WORK TASK: For the material below, set down exactly the lines between the one containing "Image Thailand Model" and the last line, both included, leaving every picture out.

STORED DATA:

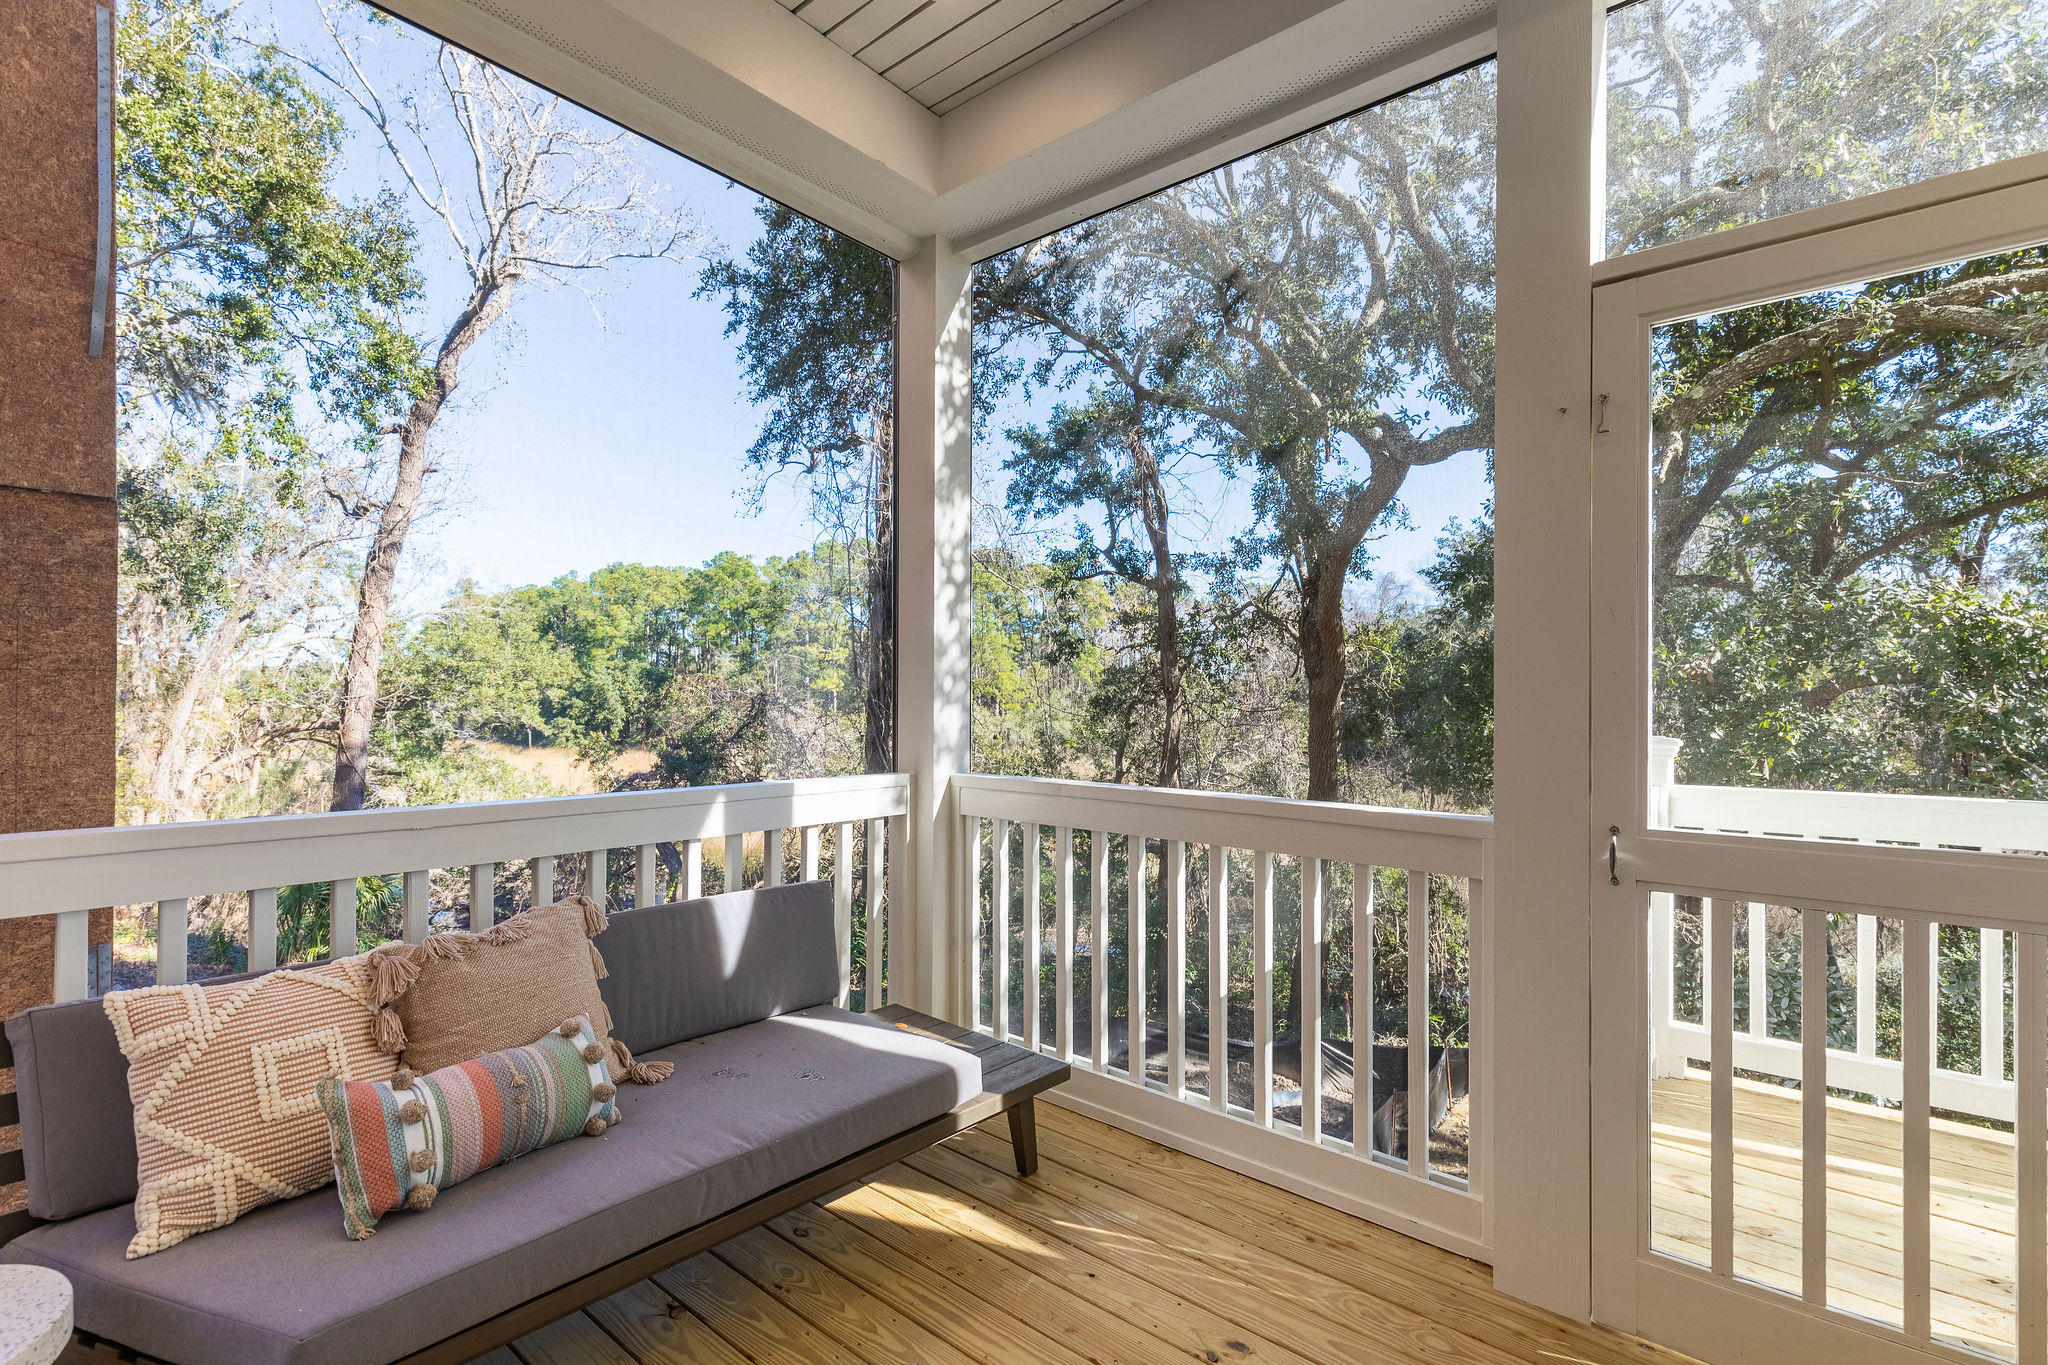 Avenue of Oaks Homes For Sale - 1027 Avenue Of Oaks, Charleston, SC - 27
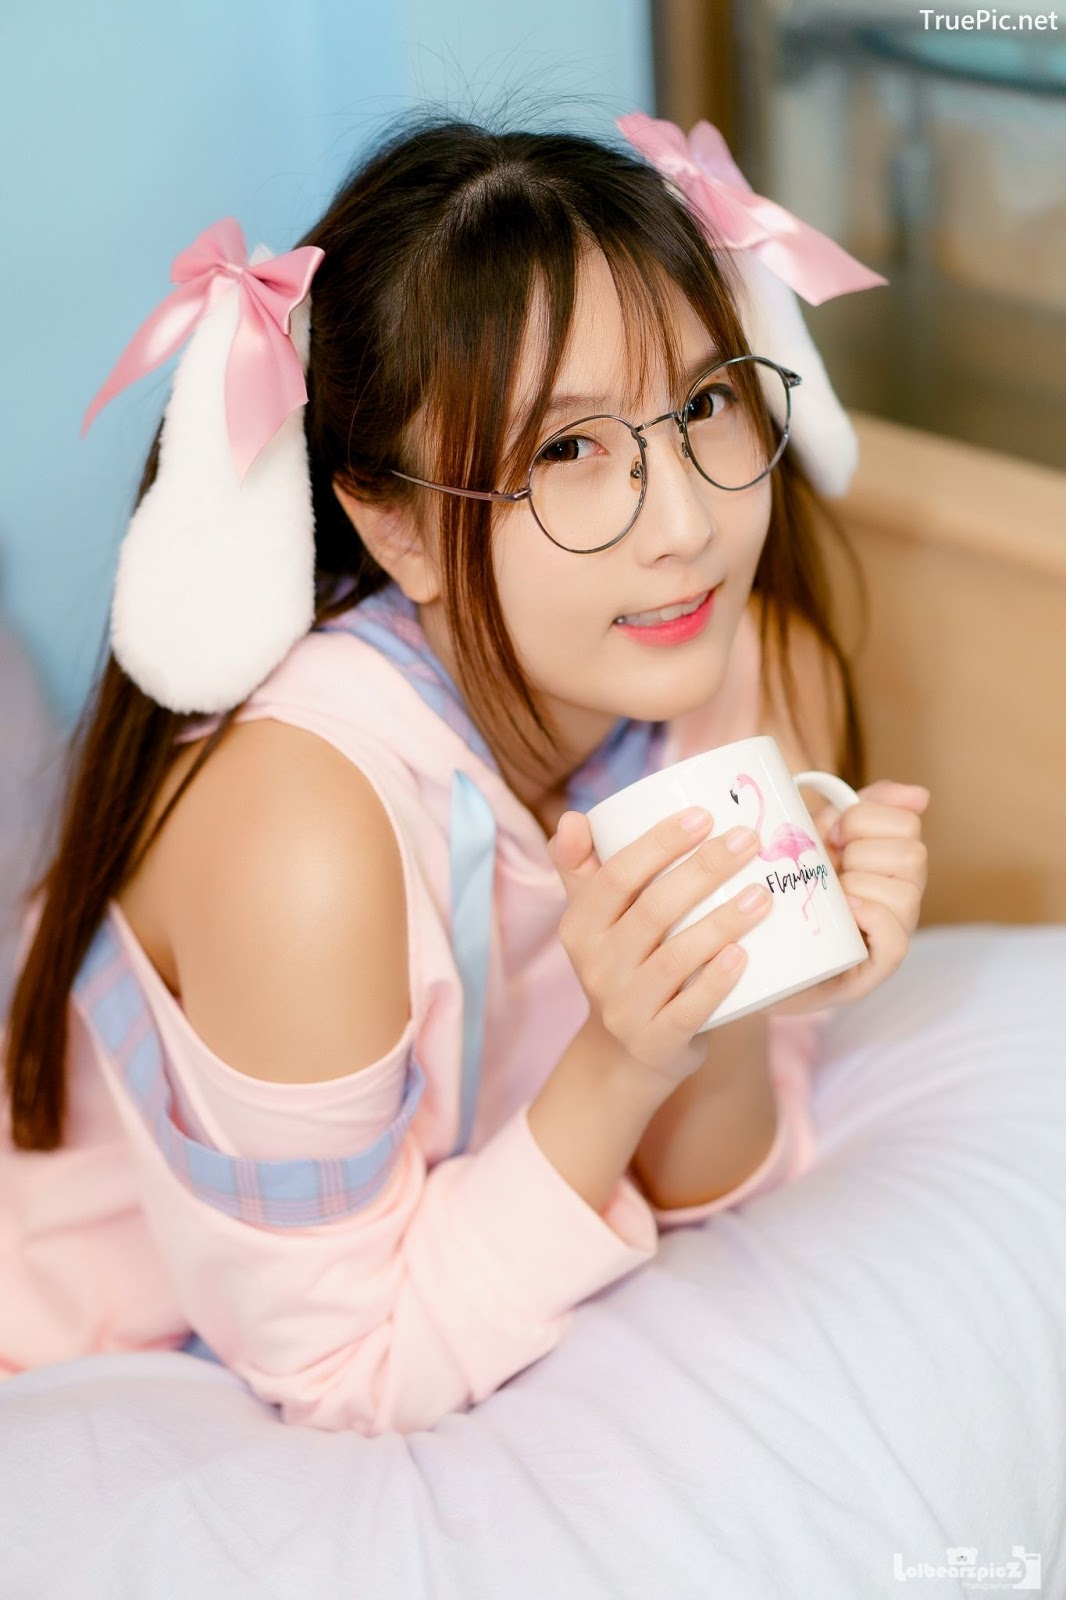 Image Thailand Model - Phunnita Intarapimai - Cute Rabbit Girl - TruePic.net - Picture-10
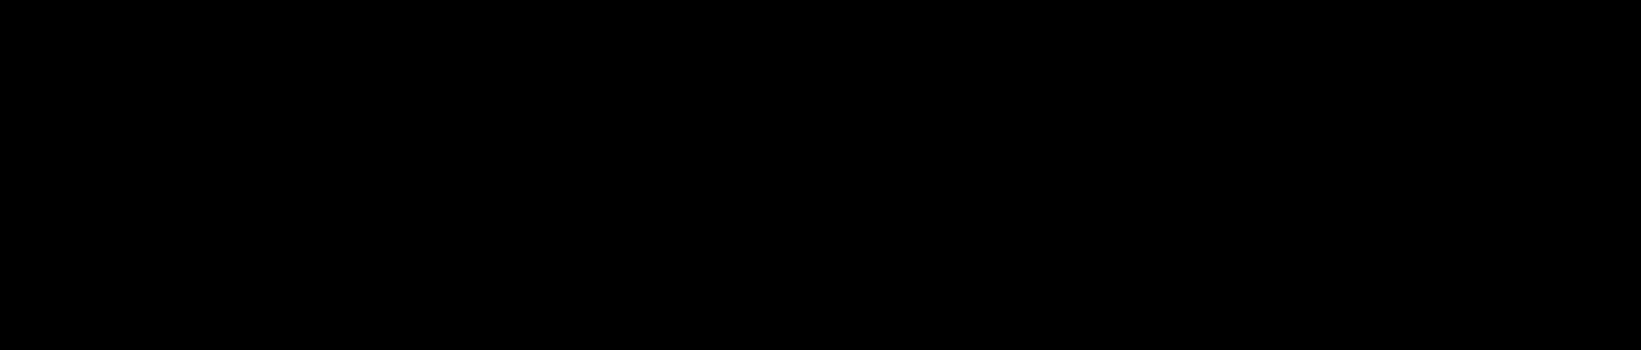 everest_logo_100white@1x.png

ANSWER AREA:
 Image Thailand Model - Phunnita Intarapimai - Cute Rabbit Girl - TruePic.net - Picture-10
 everest_logo_100white@1x.png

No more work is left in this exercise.